Copy the data that follows exactly, and include none of its images.

# Data shown
# # #
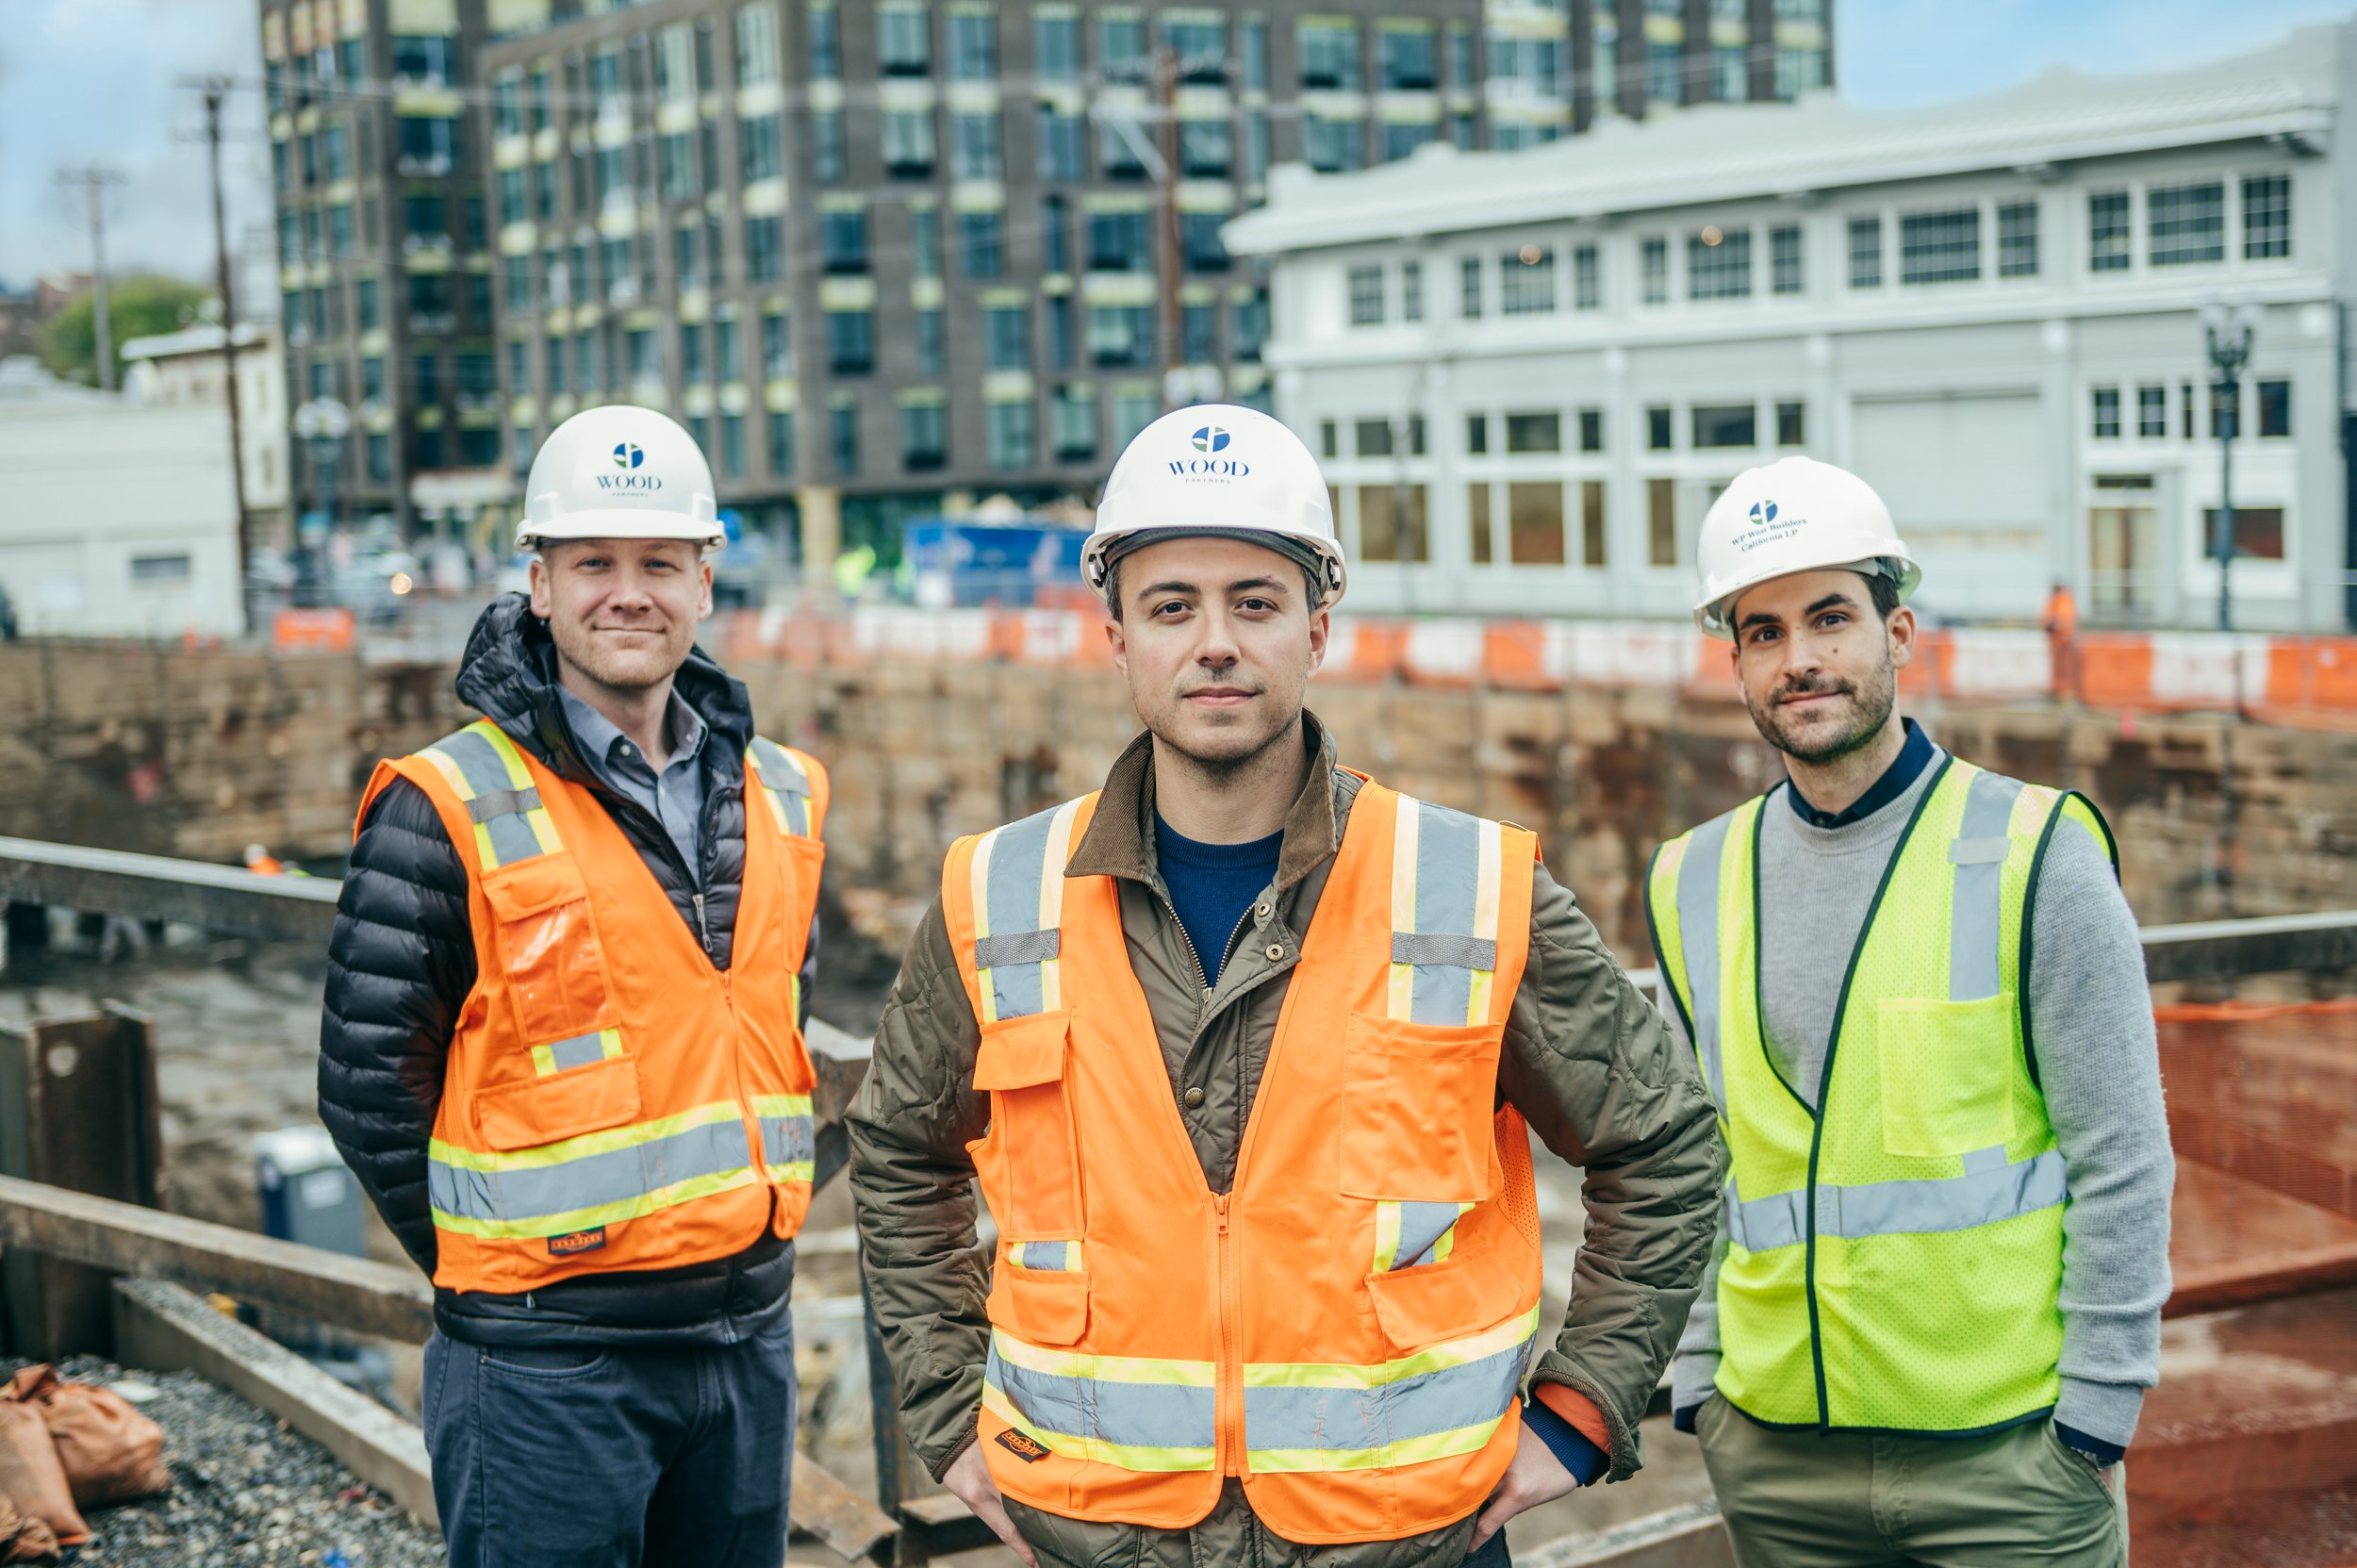 The professionals in property development standing together, ready to work on a construction site.
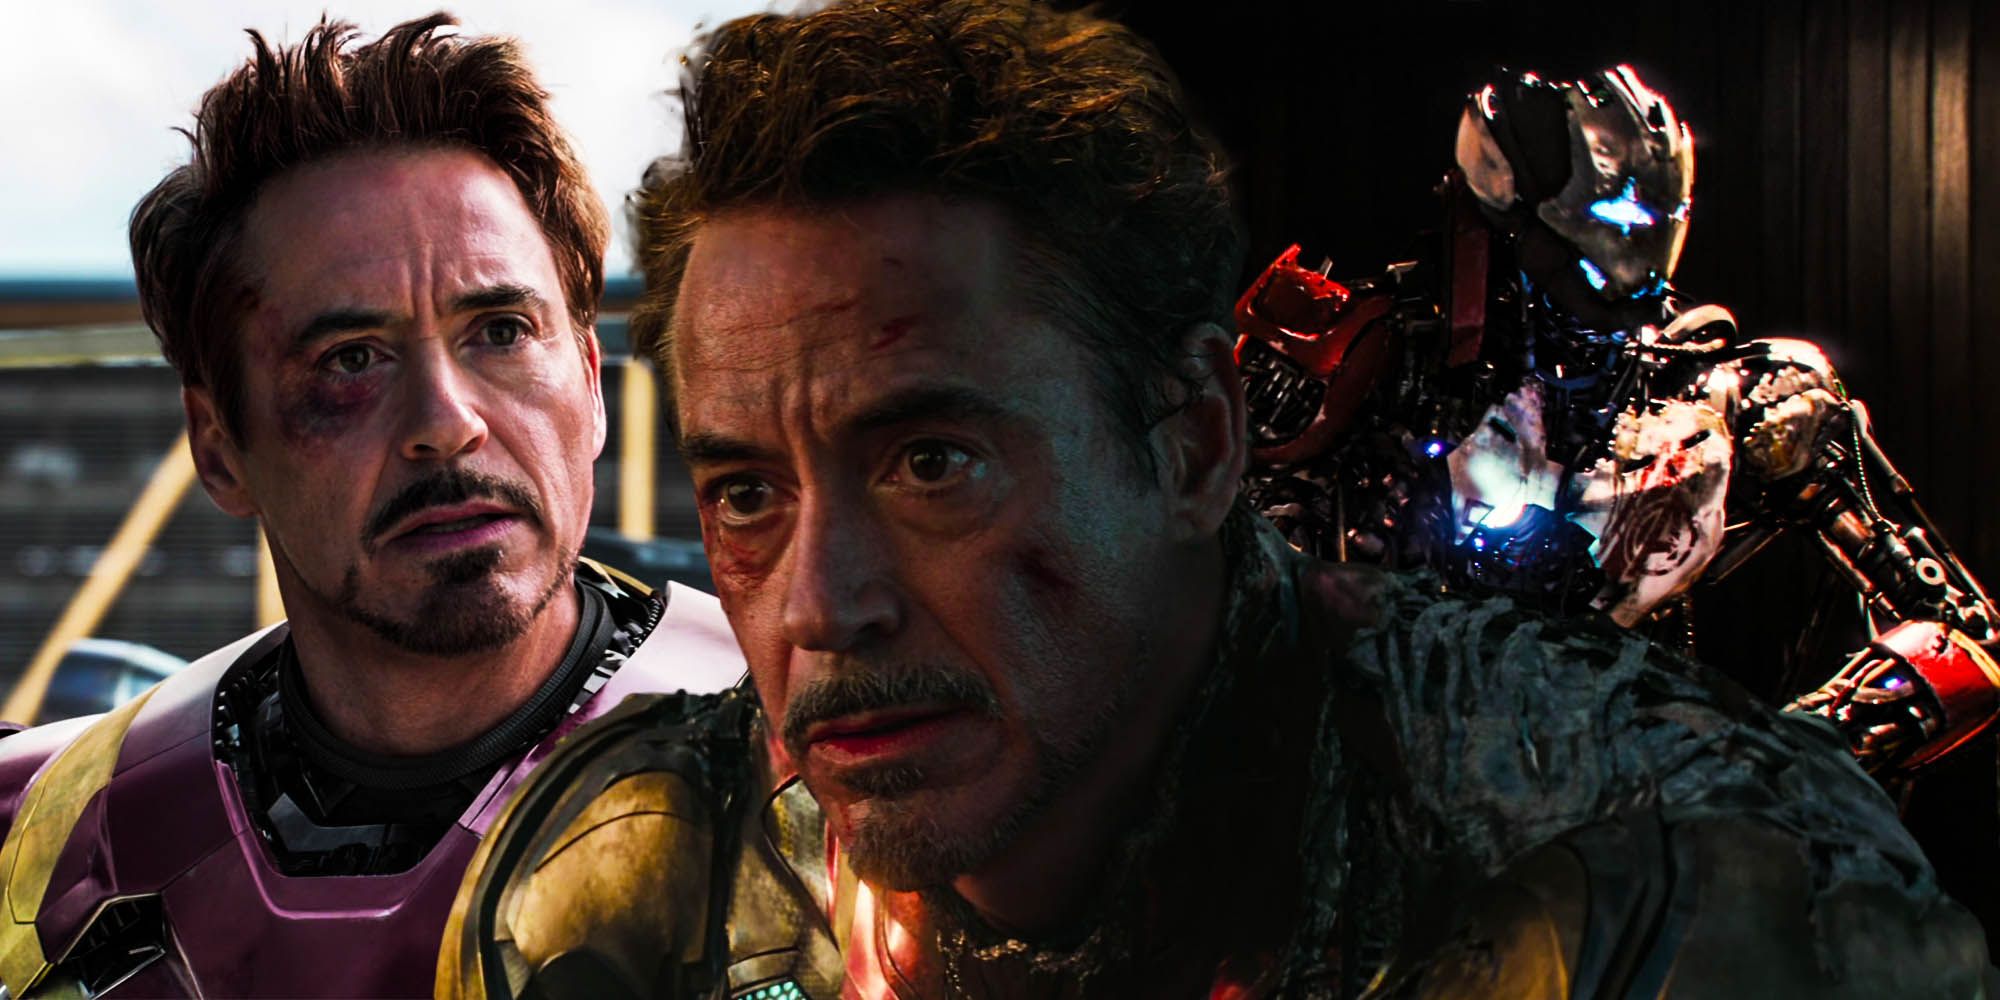 How Old is Tony Stark in the MCU?
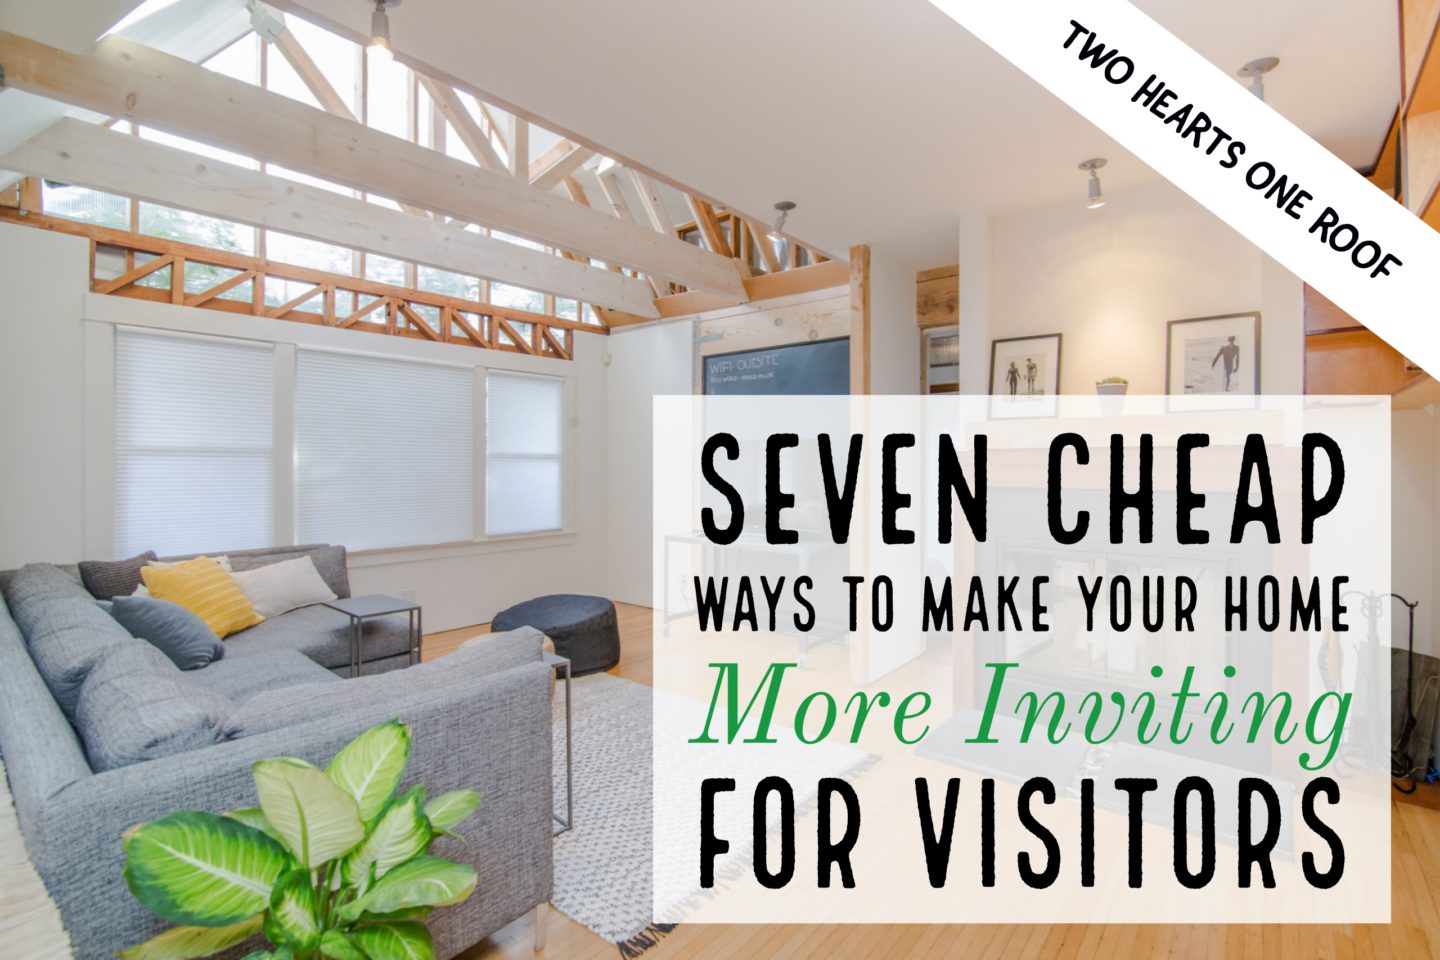 Interiors // Seven Cheap Ways to Make Your Home More Inviting for Visitors
# # #
# Output below
 The professionals in property development standing together, ready to work on a construction site.
 How Old is Tony Stark in the MCU?
 Interiors // Seven Cheap Ways to Make Your Home More Inviting for Visitors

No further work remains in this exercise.